In the Lok Sabha election, the UDF candidate had secured a lead of 13,688 in the Kasaragod Assembly segment even though the LDF had won the Kasaragod Lok Sabha constituency. The impression the BJP campaigners give is that the contest on May 3 in Kasaragod is between Mr. Ravindran and Mr. Ahmed Ali.

The LDF is unmoved by Mr. Ahmed Ali's popularity. The LDF-INL camp is supported by the People's Democratic Party (PDP) which has launched a high-pitched campaign to highlight the plight of its leader Abdul Nasir Maudany languishing in a Coimbatore jail.

An announcement from a PDP campaign in the suburbs of Kasaragod town said though it was true that Mr. Maudany was arrested when the LDF was in power, his imprisonment was due to a conspiracy by the UDF Government.

The announcer alleged the UDF Government had promised Tamil Nadu Government favourable action in the Mullaperiyar Dam dispute if in return it promised not to release Mr. Maudany.


The poor quality of drinking water supplied in the constituency is also a recurring theme in the campaign against the sitting MLA.

Anti-UDF campaigners never miss a chance to highlight water scarcity as one of Mr. Ahmed Ali's `failures'.

``He is making us drink salt water though he has been Kasaragod MLA for nearly a quarter of century," say campaigners of the BJP and the LDF.

Ahmed Ali, however, contends that he had been trying to speed up Kasaragod's development and says a number of bridges and the LBS College of Engineering at Mooliyar are among his major achievements.
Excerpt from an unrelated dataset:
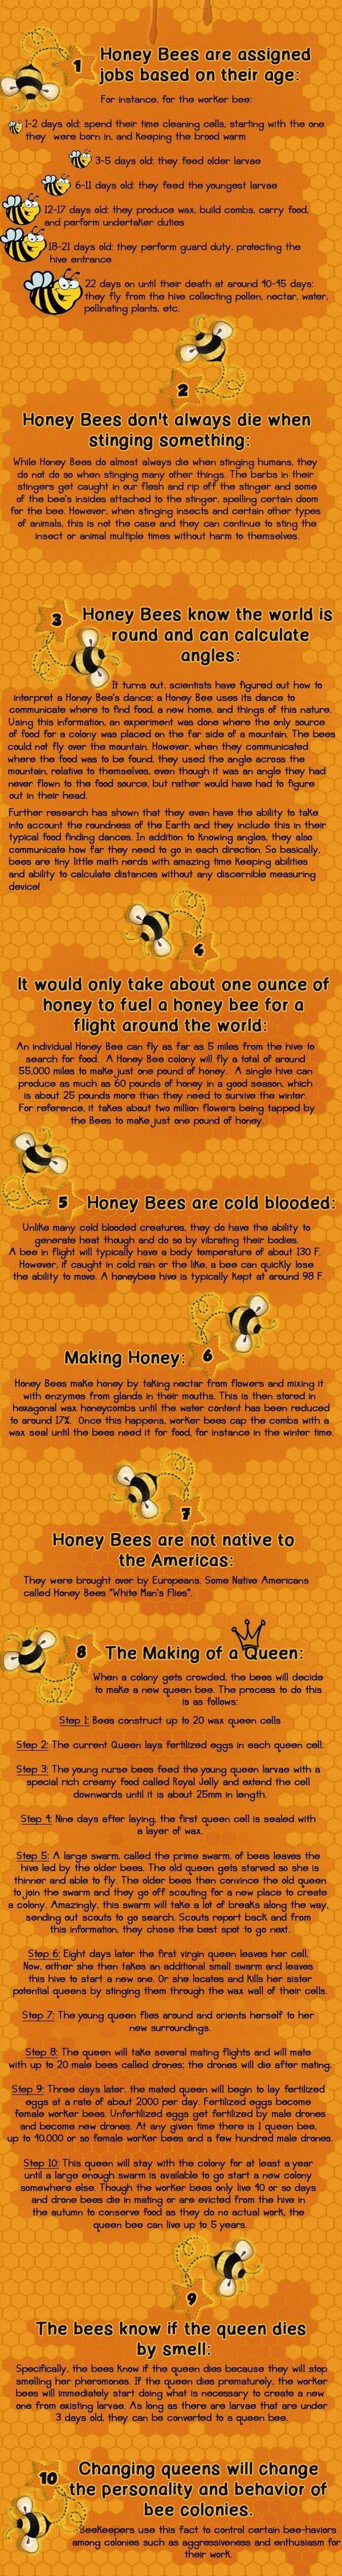 Interesting Facts About Honey Bees (infographic)

Nellikunnu, State treasurer of the INL, describes the last 25 years of Kasaragod's history as "the lost years" since Mr. Ahmed Ali who has been MLA during that period "has done nothing for development of the region".

The hardships facing the constituency's large number of areca farmers is also cited as another lapse on the part of the MLA to find remedies for his voters' problems.


"There are no transport bus services after 8.30 p.m. towards the eastern side; there are no good government hospitals either," he said.

The dispute over lack of development in Kasaragod generates heated debate, but all would agree that the political complexion of the constituency has not changed in the last quarter of a century.

With only a few hours left for closure of the campaigning, the UDF appears to have a clear edge over its main rivals in Kasaragod constituency.